Lo scrive il quotidiano sudafricano Daily Maverick, poi ripreso anche da Il Sole 24 ore, riportando stralci dell’incontro tenutosi ieri a Città del Capo (Sudafrica) tra i ministri degli Esteri di Brasile, Russia, India, Cina e Sudafrica.

Di seguito quanto ha detto ai giornalisti Naledi Pandor, ministro delle relazioni internazionali del Sudafrica, dopo l’incontro:

I Brics stanno cercando di assicurarsi di non diventare vittime di sanzioni che hanno effetti secondari su paesi che non sono coinvolti in questioni che hanno portato a tali sanzioni unilaterali“.

Le proposte sono all’esame dei funzionari della New Development Bank (Ndb), l’istituto di credito con sede a Shanghai creato dalle nazioni Brics.

Non solo. Anche l’Argentina potrebbe entrare nella Banca dei Brics.

La presidente della Nuova banca di sviluppo (Nbd) dei Brics, l’ex presidente brasiliana Dilma Rousseff, ha infatti informato il ministro dell’Economia argentino, Sergio Massa, che il cda della banca ha formalmente consentito di votare l’ingresso dell’Argentina in tale istituto: lo rende noto l’agenzia Telam.

Rousseff ha comunicato la notizia a Massa durante una riunione svoltasi ieri nella sede della Nbd a Shanghai.

Si tratta di una decisione chiave per il Paese, soprattutto per la possibilità di assistenza in materia finanziaria a cui l’Argentina potrà accedere diventando membro della banca.

La proposta, promossa dal Brasile, si concretizzerà nell’incontro che i governatori della Nbd svolgeranno nella prima settimana di agosto in Sudafrica.

Juventus: penalizzazione, sconfitta e crollo in Borsa

Tre schiaffi in pochi giorni.
Bene invece il titolo della Lazio.

Giorni di poche glorie, gli ultimi, per i bianconeri.

La Juventus, infatti, è in netto calo dopo la penalizzazione di 10 punti, che a due giornate dalla fine del campionato sancisce una probabile esclusione del club torinese dalla Champions League.

Ben raccolta invece è la Lazio che, al secondo posto in classifica, brinda alla matematica certezza di parteciparvi.

Intorno alle 9,30 le azioni della Juve cedono l’1,8% a 0,28 euro dopo un avvio in calo di oltre il 3%, sempre sui minimi da metà 2022.

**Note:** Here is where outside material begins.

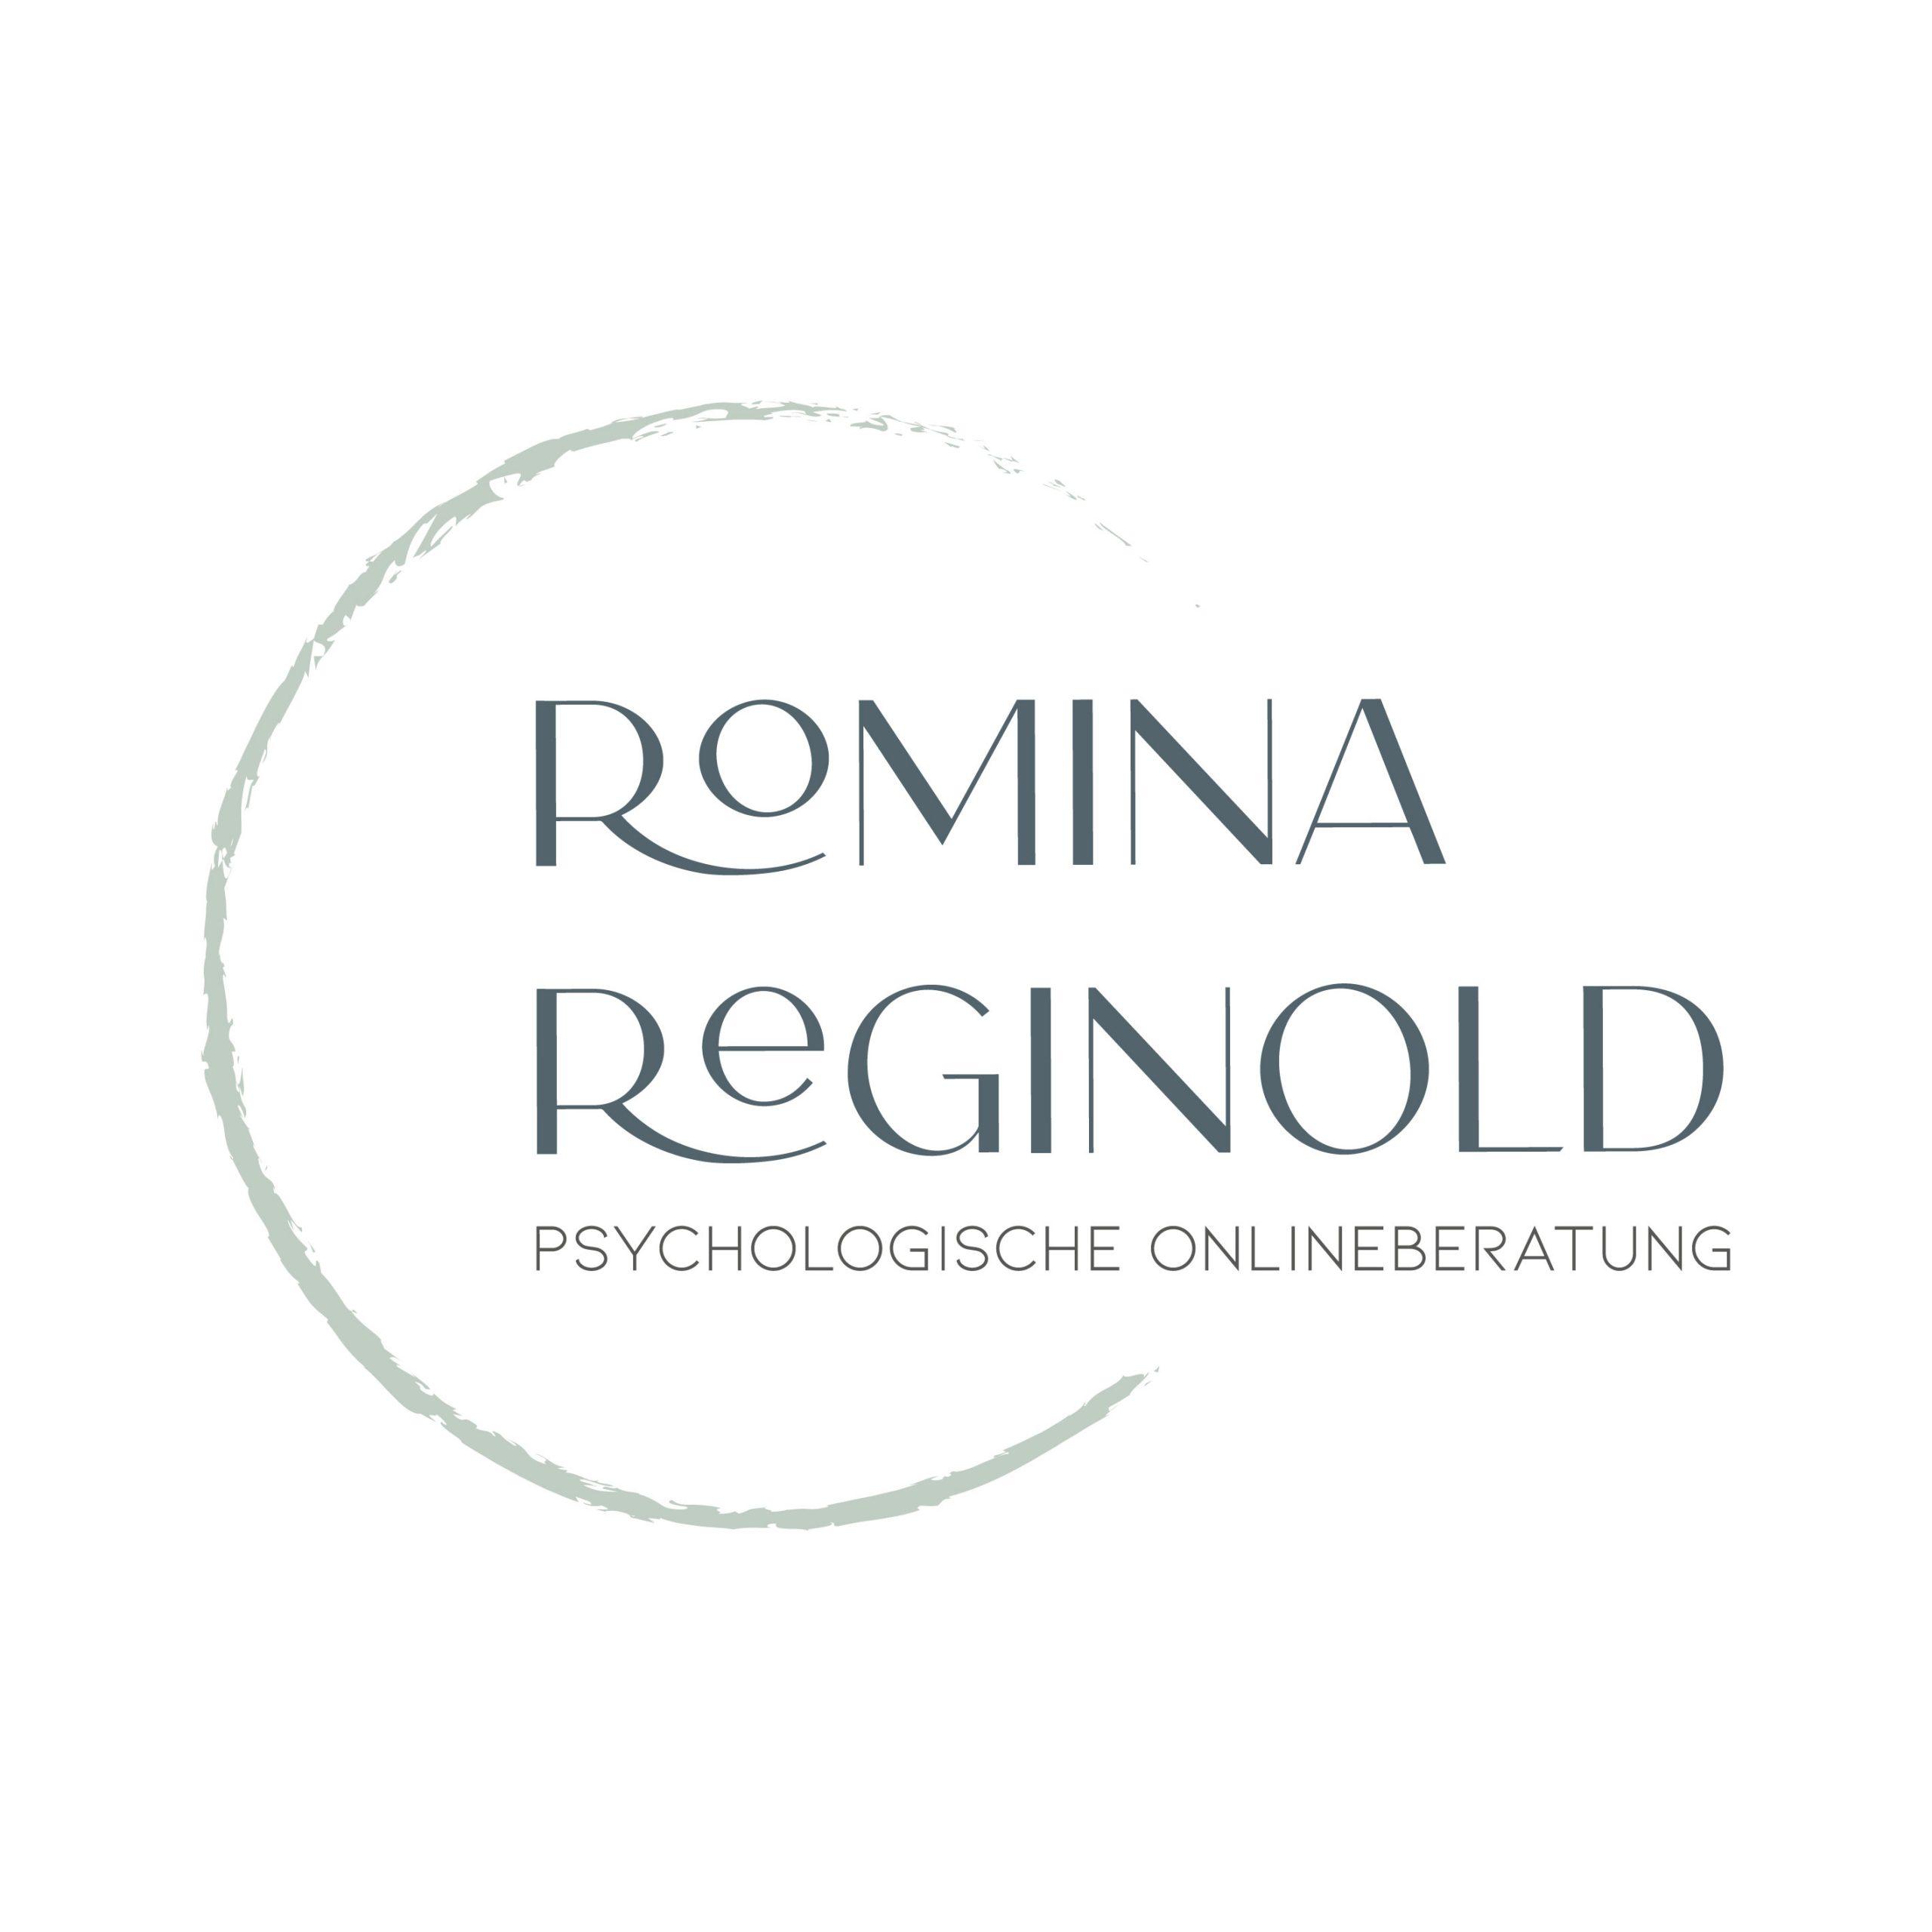 Romina Reginold

Lazio in crescita a 1,12 euro con il titolo che si muove sui massimi dal 17 aprile scorso, come riporta Reuters.

La Corte Federale di Appello della Figc ha inflitto al club dieci punti di penalizzazione nella corrente stagione di Serie A nell’ambito del cosiddetto “caso plusvalenze“.

In campionato, i bianconeri hanno perso 4-1 fuori casa contro l’Empoli e sono scivolati al settimo posto a due giornate dalla fine della stagione.

Un trader sottolinea che con 10 punti di penalizzazione la Juve è al momento fuori dalla Champions e, pertanto, peseranno sui conti i mancati introiti derivanti da questa importante competizione.

Argentina: Banca centrale porta i tassi la 97%

Inflazione al 109%.
I prestiti vanno resi sostanzialmente al doppio dell’importo.

La Banca centrale d’Argentina ha alzato il suo tasso di riferimento di 600 punti base al 97% per combattere un’inflazione arrivata al 109% in aprile.

Si tratta del secondo maxi rialzo in un mese, con l’obiettivo di ‘evitare che la volatilità finanziaria agisca come un motore anticipatore dell’inflazione‘, ha spiegato l’istituto in una nota riportata da Il Sole 24 Ore.

Per capire meglio il concetto, è come se in Italia per ogni euro preso in prestito se ne dovessero restituire 1,97: praticamente il doppio.